==== THE DATA ====
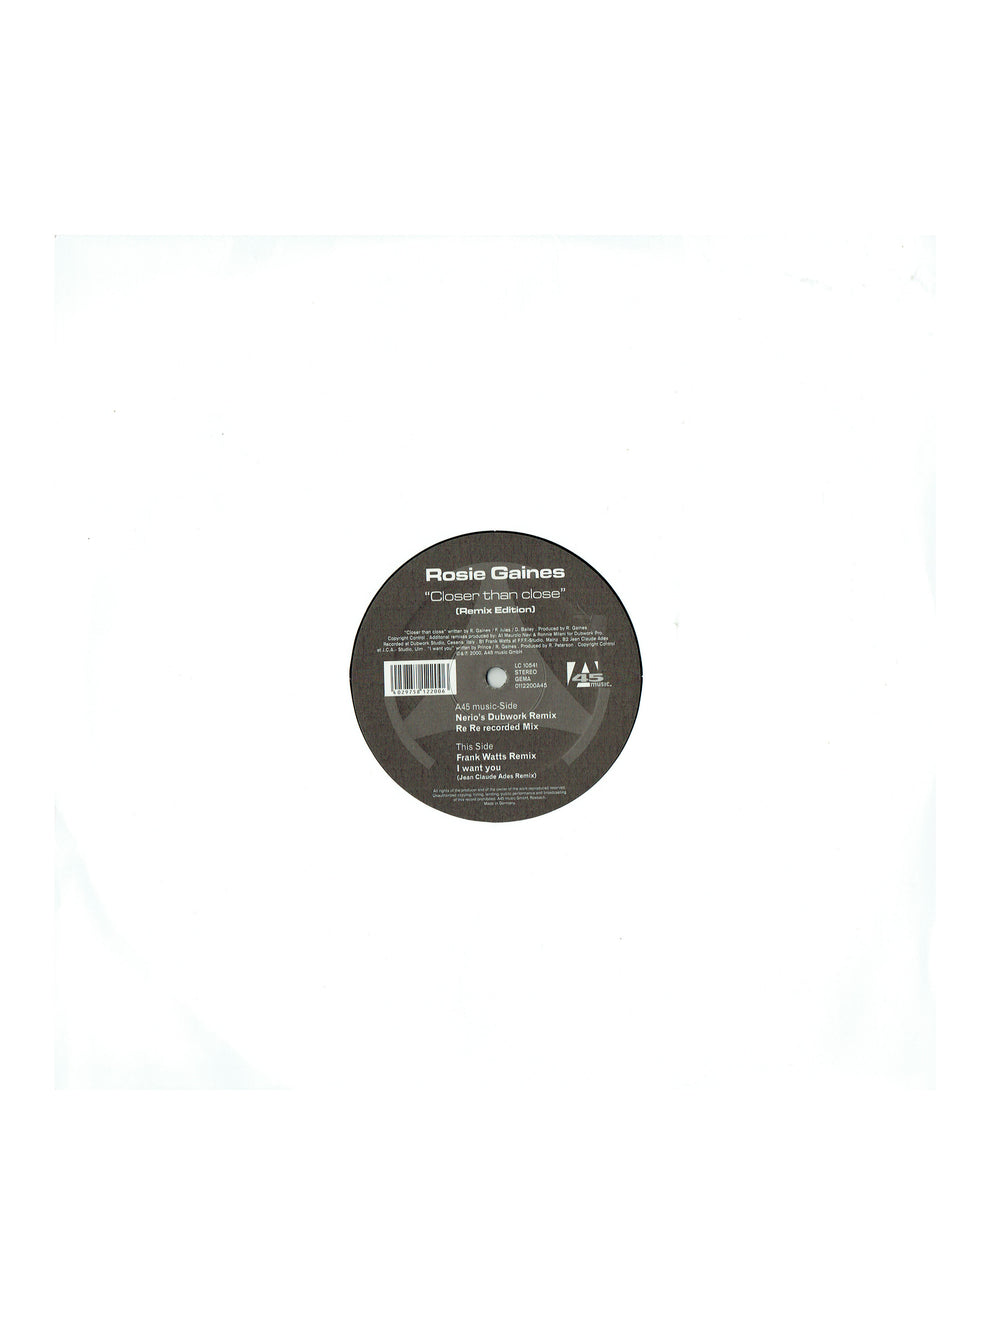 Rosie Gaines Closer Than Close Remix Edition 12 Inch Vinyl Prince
====
==== THE DATA ====
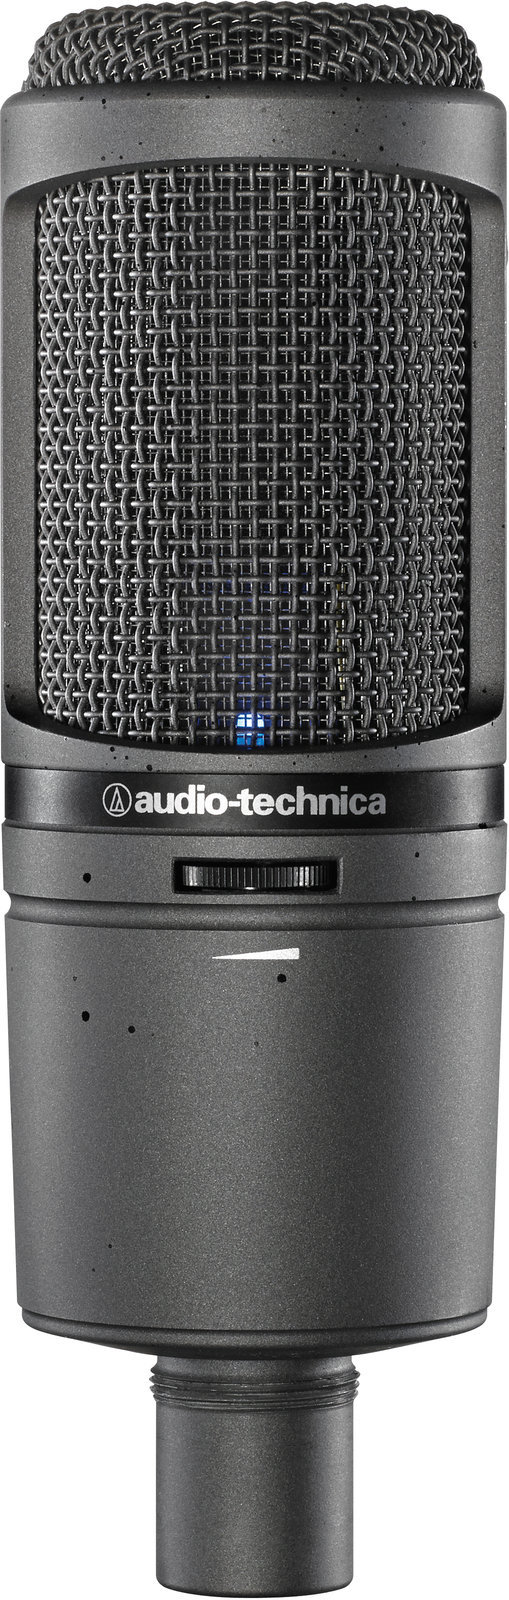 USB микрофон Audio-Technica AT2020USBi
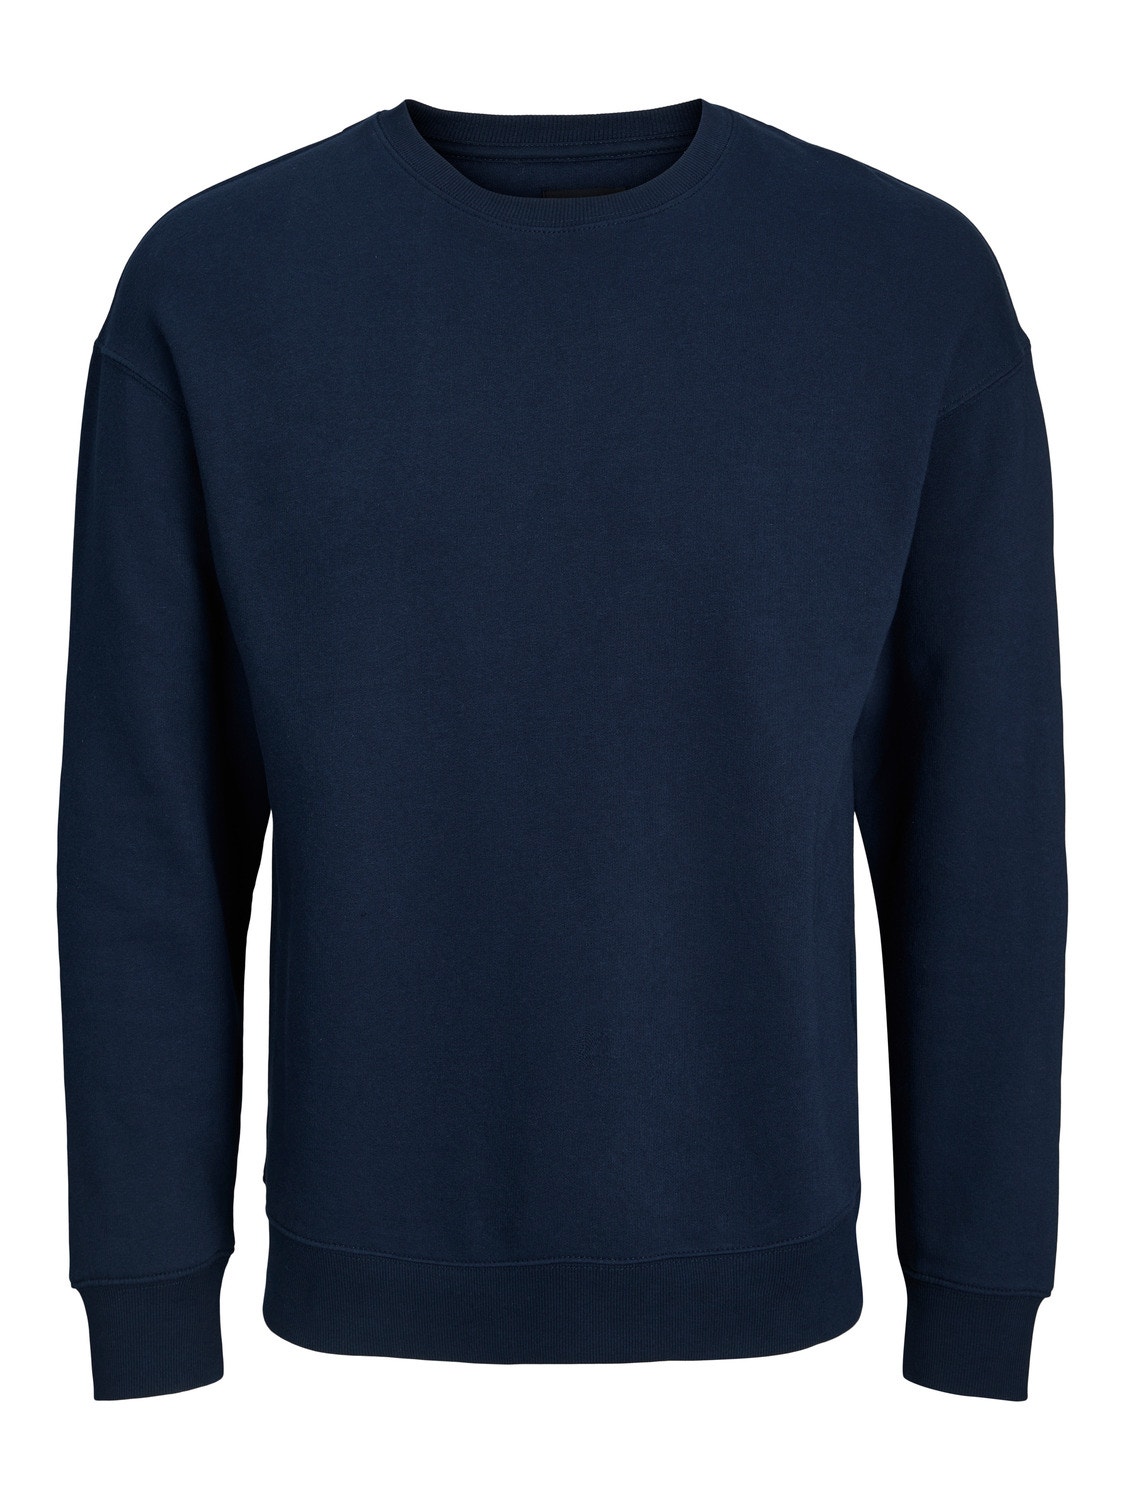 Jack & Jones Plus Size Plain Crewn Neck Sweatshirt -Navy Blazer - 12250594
====
### [GOAL OF THE EXERCISE]
Here the job is to copy the listing above word for word, starting at the line with "USB микрофон Audio-Technica AT2020USBi" and ending at the line with "Jack & Jones", and to leave out the pictures.

### [ANSWER BELOW]
 USB микрофон Audio-Technica AT2020USBi
 Jack & Jones Plus Size Plain Crewn Neck Sweatshirt -Navy Blazer - 12250594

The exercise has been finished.